Gawande shares the story of a longtime office assistant who claims that “each new software system reduced her role and shifted more of her responsibilities onto the doctors.” Previously she would draft letters to patients, prep routine prescriptions and handle other tasks to lighten the doctors’ role. However, with the new EMR, office assistants are not trained or authorized to perform these functions, so doctors must now do it all themselves. If physicians are now responsible for every last mundane task, is it any wonder they are frustrated?

In another example, Gawande relays complaints about the system’s illogical setup. One physician expresses her irritation about mandatory fields that create inefficiencies. Previously she could document a Pap smear in a few short clicks, but now must enter such details as the physician and the date of service – rather than simply defaulting to the doctor entering the note and the current date of service.

The overriding issue here is that many organizations fail to consider how a particular configuration decision will impact its physician users. Rather than optimizing EMRs to enhance physician productivity, administrative users often dictate how various functions should be set up. In order to minimize physician frustrations, clinicians must be given a bigger voice in decisions that impact their workflows.

Physicians are overloaded with data – and much of it’s not helpful
One of the greatest benefits of an EMR is that all of a patient’s data is stored in a single record. Unfortunately, unless all this data is well-managed, clinicians can end up with blobs and blobs of data that must be weeded through to find usable information.

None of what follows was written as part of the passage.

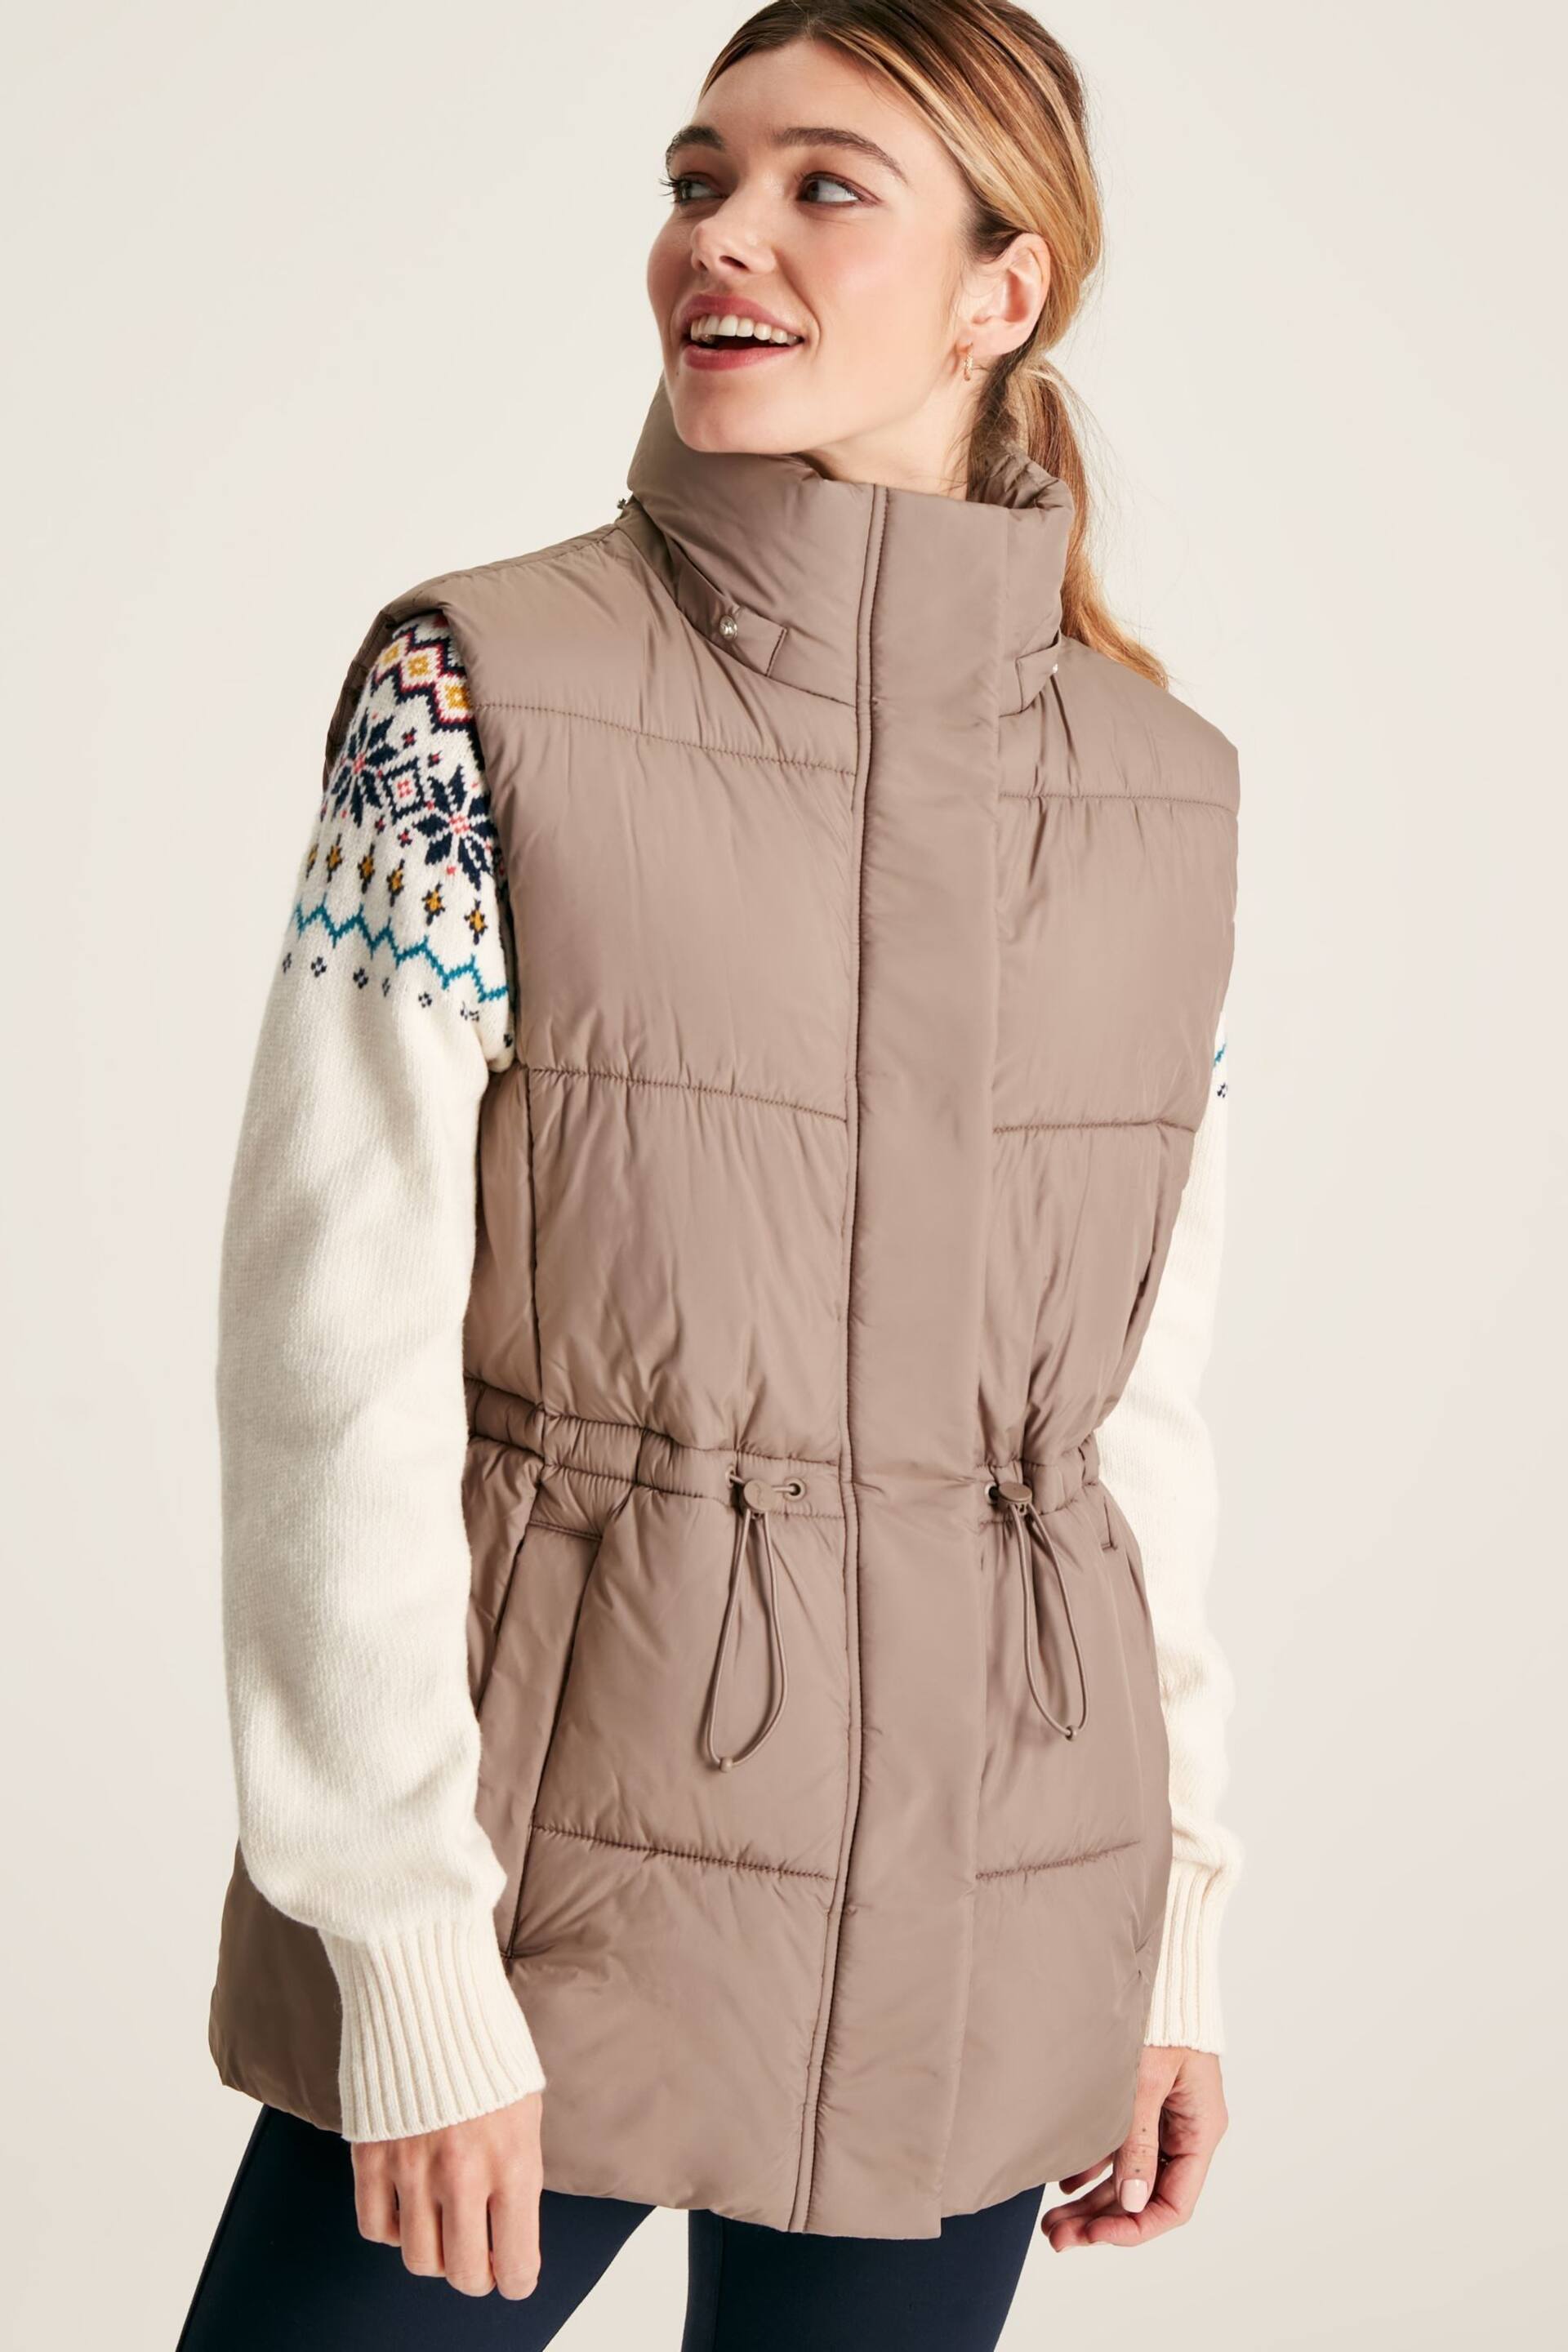 Joules Witham Silver Showerproof Padded Gilet With Hood - Image 1 of 7

Case in point: one of Gawande’s colleagues notes that problem lists have “become a hoarder’s stash” because everyone across the organization can modify the lists. Three people may list the same diagnosis in three different ways, making the lists long, deficient and redundant. In addition, because the charts contain so much data, both from internal sources and third-party providers, a clinician must hunt through pages and pages of information to find details that are relevant to a patient’s current issue.

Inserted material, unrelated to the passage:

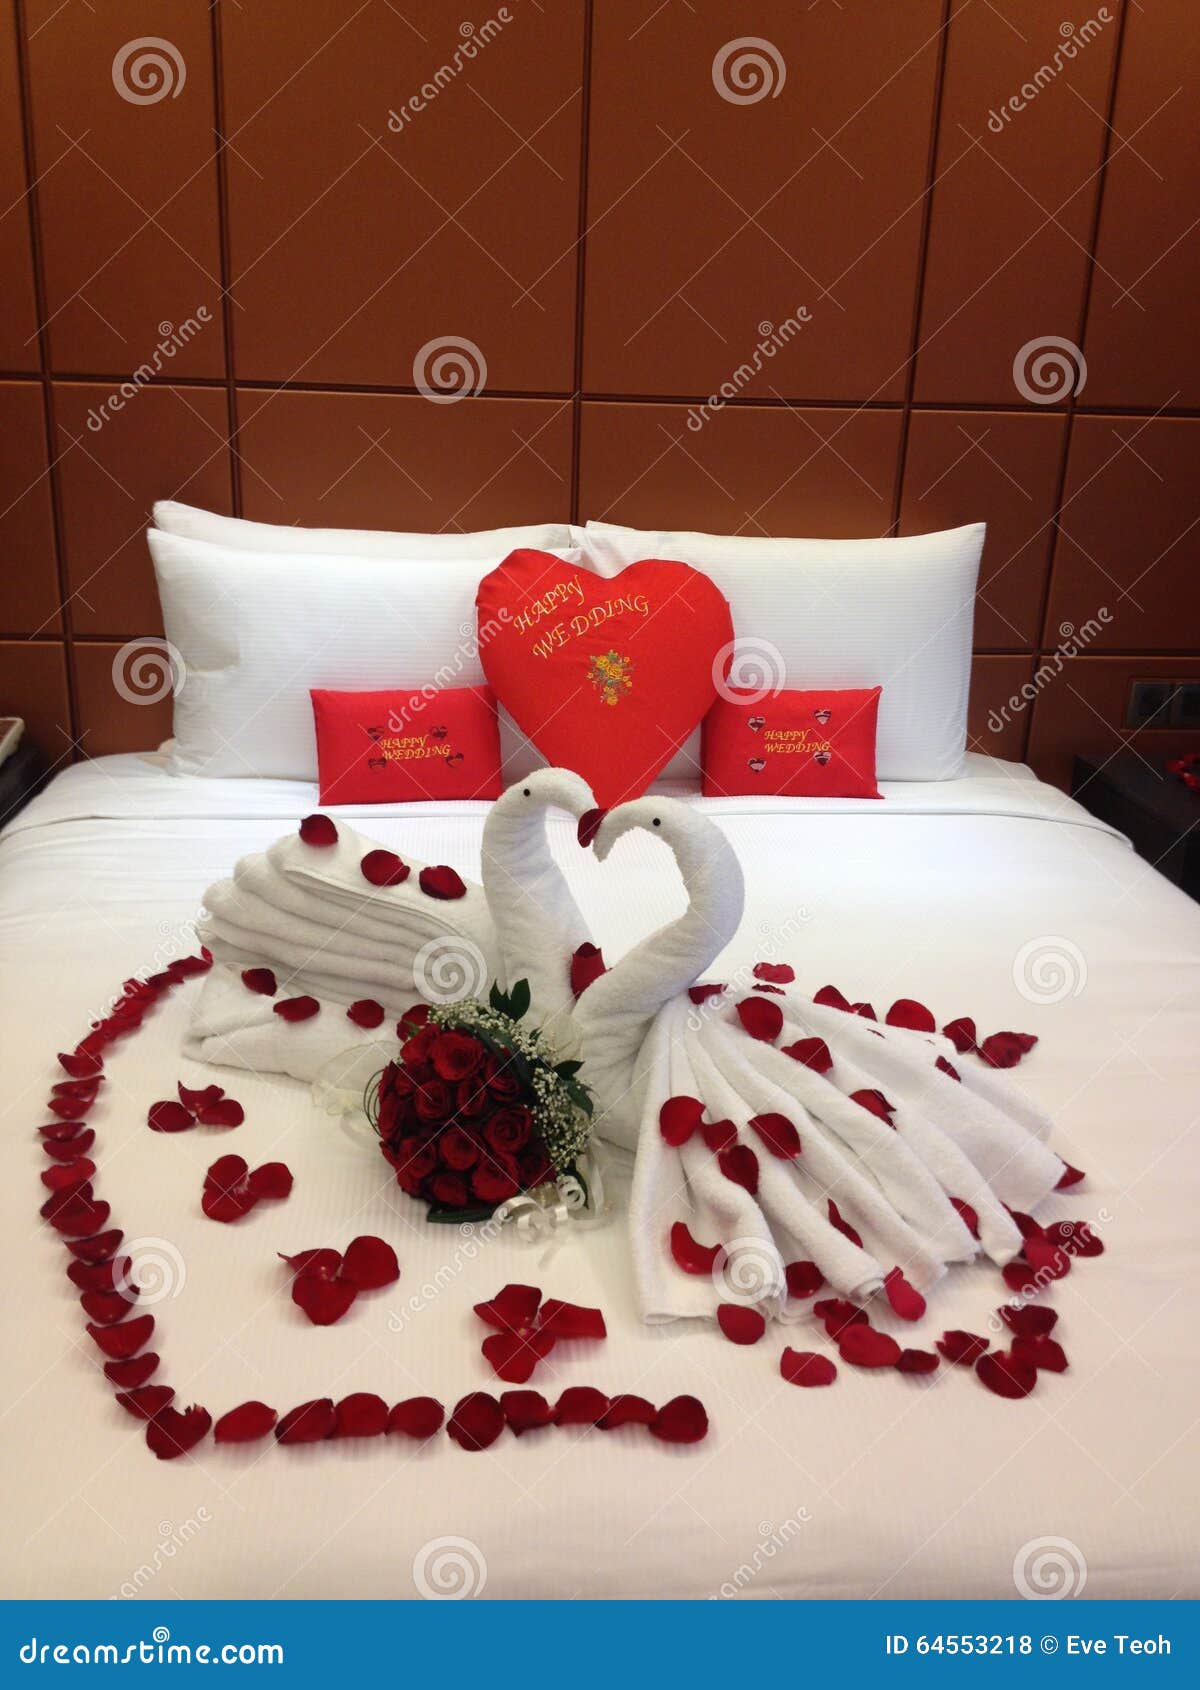 Nice Decoration for Wedding Night in Hotel Stock Photo - Image of ...

Doctors should not have to go through the time-consuming task of combing through every transaction within a patient’s chart to confirm a suspected diagnosis or make a treatment decision. Instead of overloading clinicians with so much data, organizations need to incorporate solutions that filter the growing volumes of available patient data and create a more streamlined view with only diagnostically-relevant details that support decision-making. Such tools should automatically identify and interpret all the disorganized data within a patient’s chart, then transform that data into clinical insights at the point of care.

Until organizations provide users with such filtering capabilities, physicians will continue to feel overwhelmed with EMR data.

Physicians are demanding new solutions for the same old problems 
The biggest benefit of scribes is that they give physicians the freedom to devote their complete attention to patients, rather than the computer screen. But as Gawande points out, they aren’t a perfect solution: physicians still must review the final chart note; physician workloads are not lightened because the time that scribes free up is used to see additional patients; and, it doesn’t necessarily improve overall physician satisfaction.

I believe a more viable solution is to expand the availability of third-party applications so that both clinicians and administrative staff can add new functionality to address their needs. To date, some EHR vendors have been hesitant to open up their systems, fearing a loss of control – and missed revenue opportunities. However, this mindset must change if we ever want physicians to fully embrace EMRs as a productivity-enhancing tool that makes it simpler to deliver quality patient care.

Digitization does promise to make medical care easier and more efficient – but we still have a way to go. By giving physicians more control over their workflows and tools to help navigate mounds of clinical data, we can give doctors more reasons to feel a little less computer-hate – and perhaps even a little computer love.